* _Aim of the task_:
Repeat every line from the line containing "Staedtler Fimo Kids" to the end of the data, exactly. Leave the pictures out.

━━━━━ Input data ━━━━━

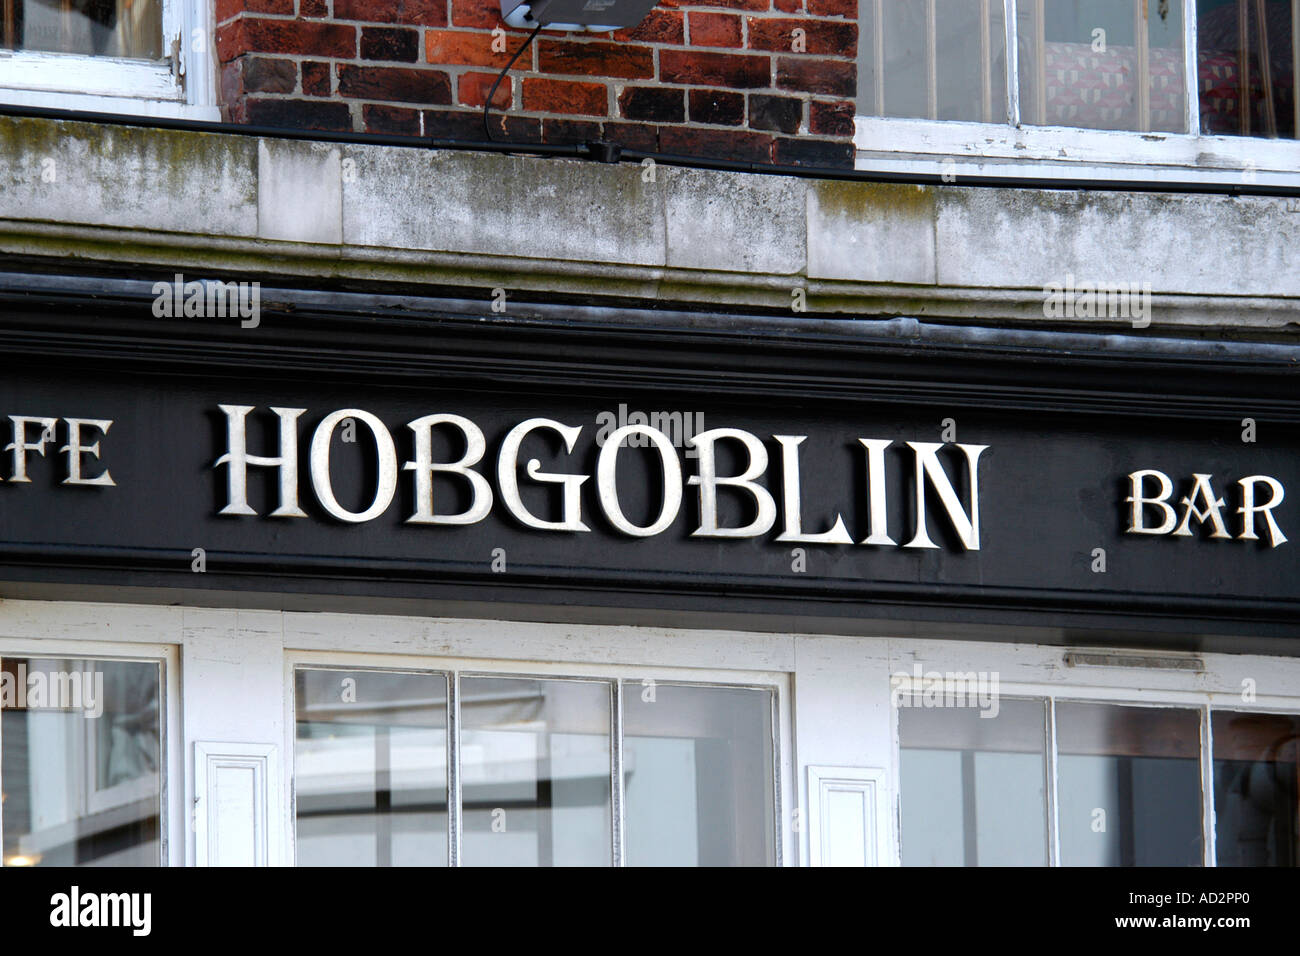 The Hobgoblin Bar sign Stock Photo
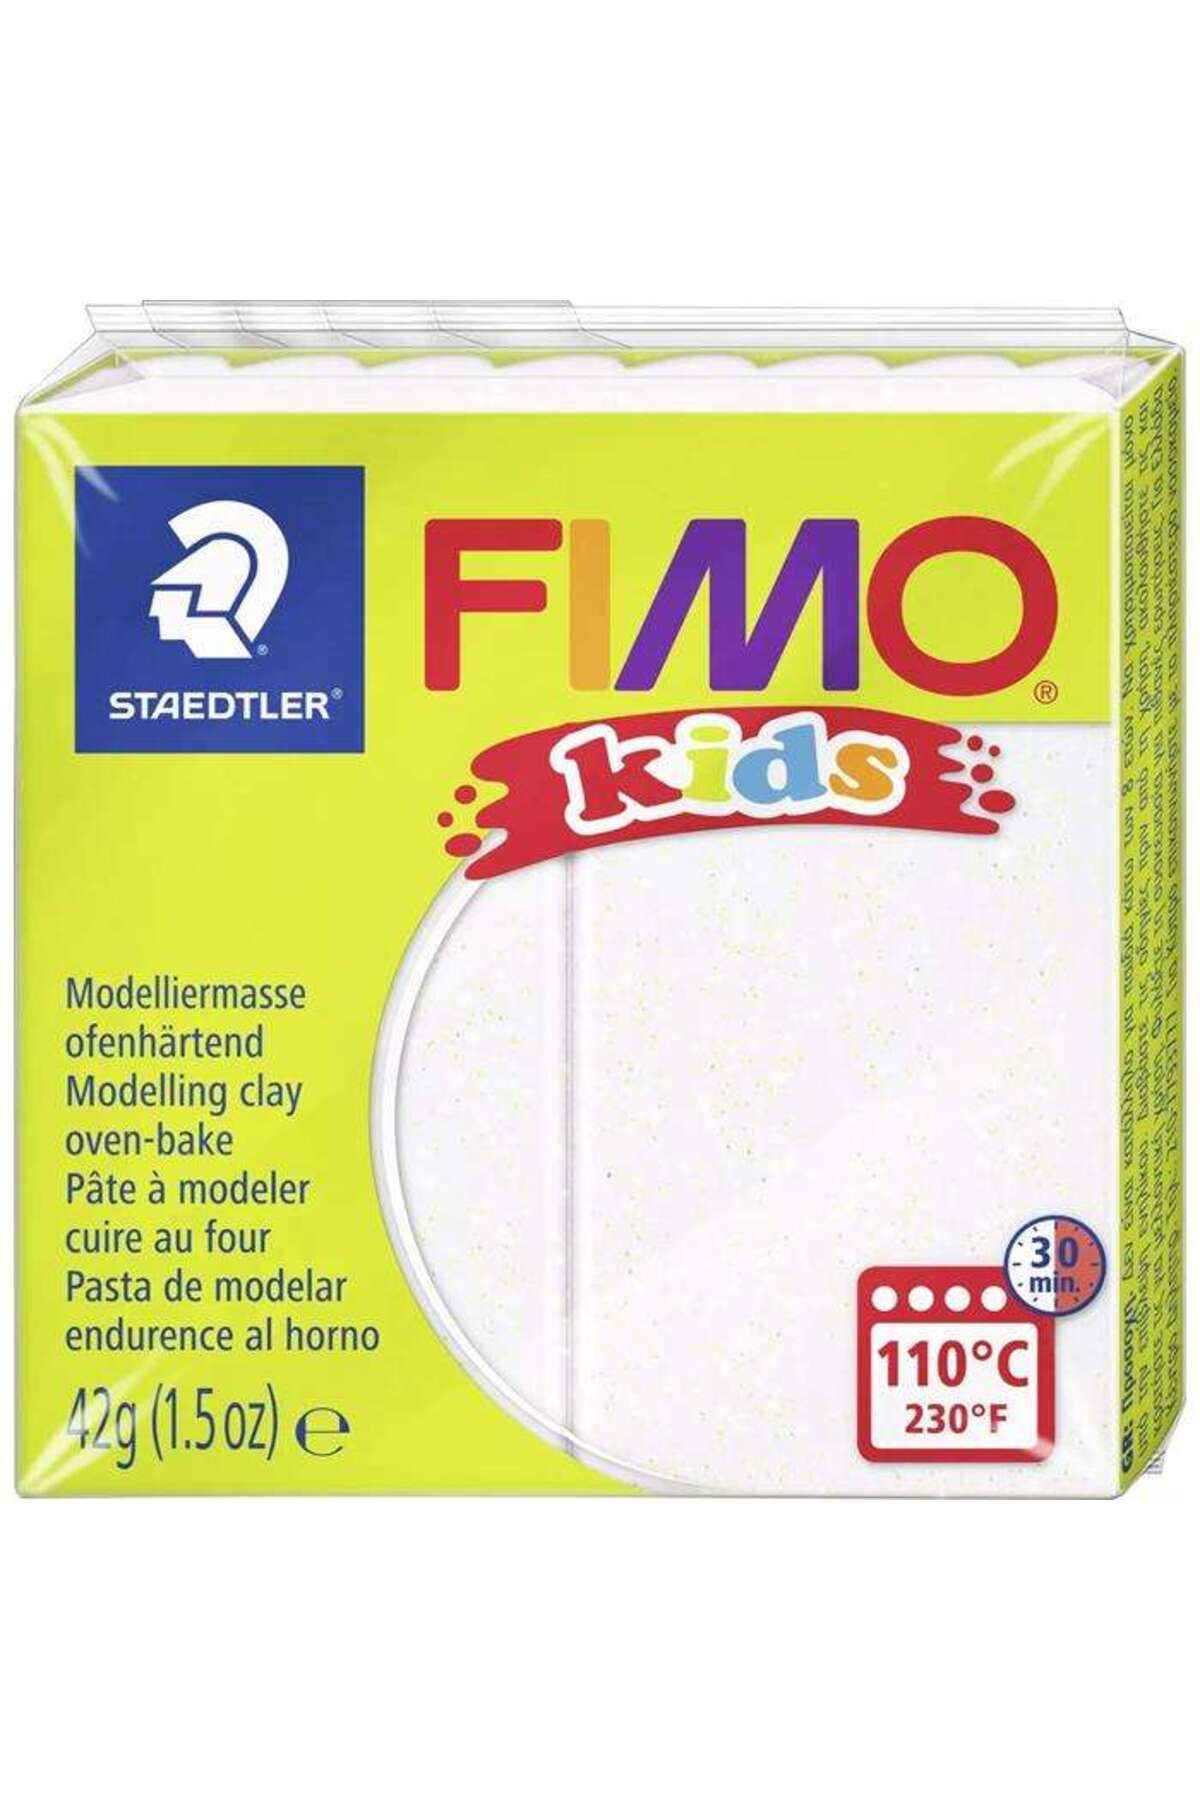 Staedtler Fimo Kids Modelleme Kili 42 g White 0
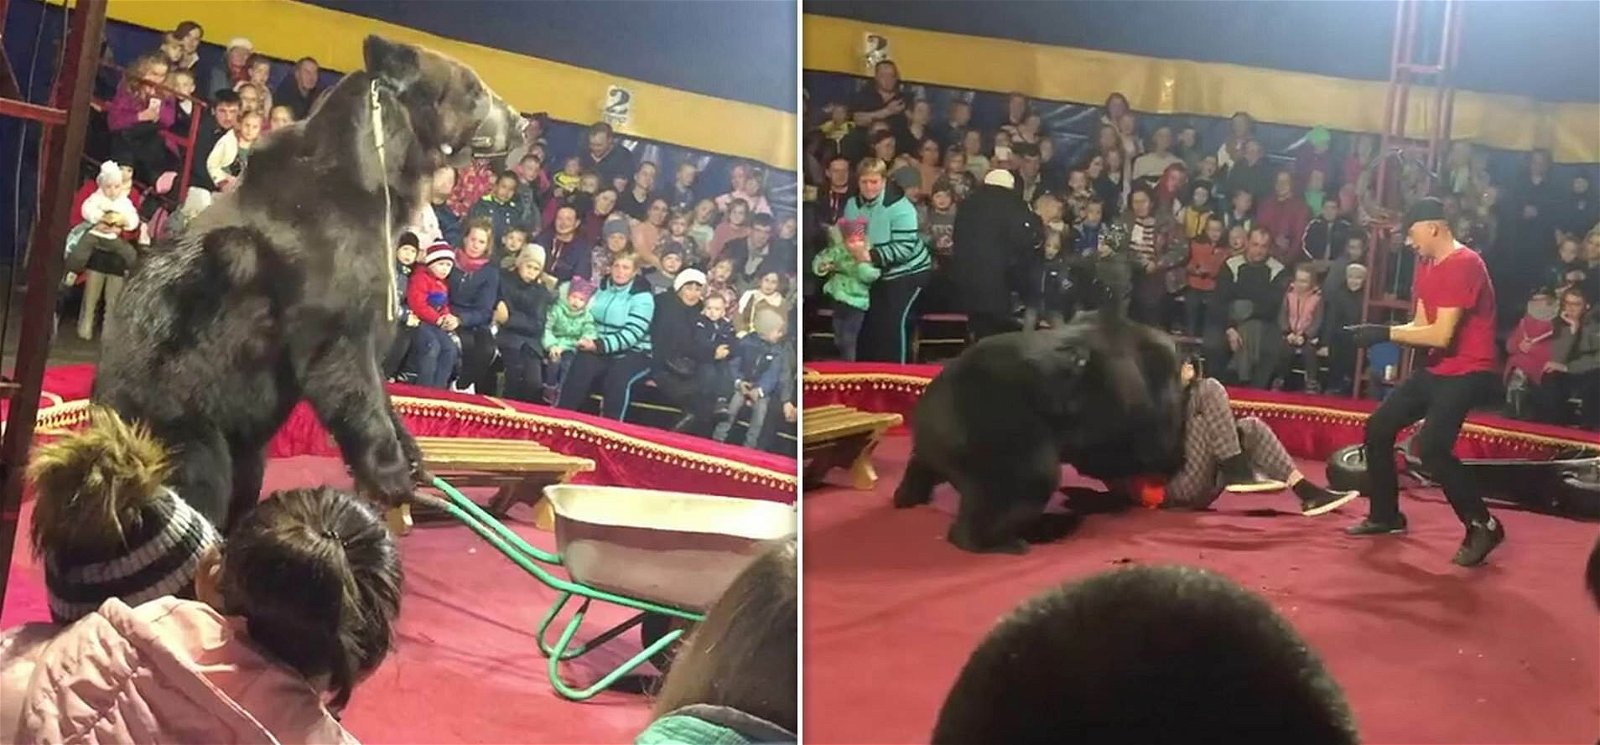 Előadás közben támadta meg idomárját a hatalmas medve – videó

━━━━━

* _Solution to this problem_:
 Staedtler Fimo Kids Modelleme Kili 42 g White 0
 Előadás közben támadta meg idomárját a hatalmas medve – videó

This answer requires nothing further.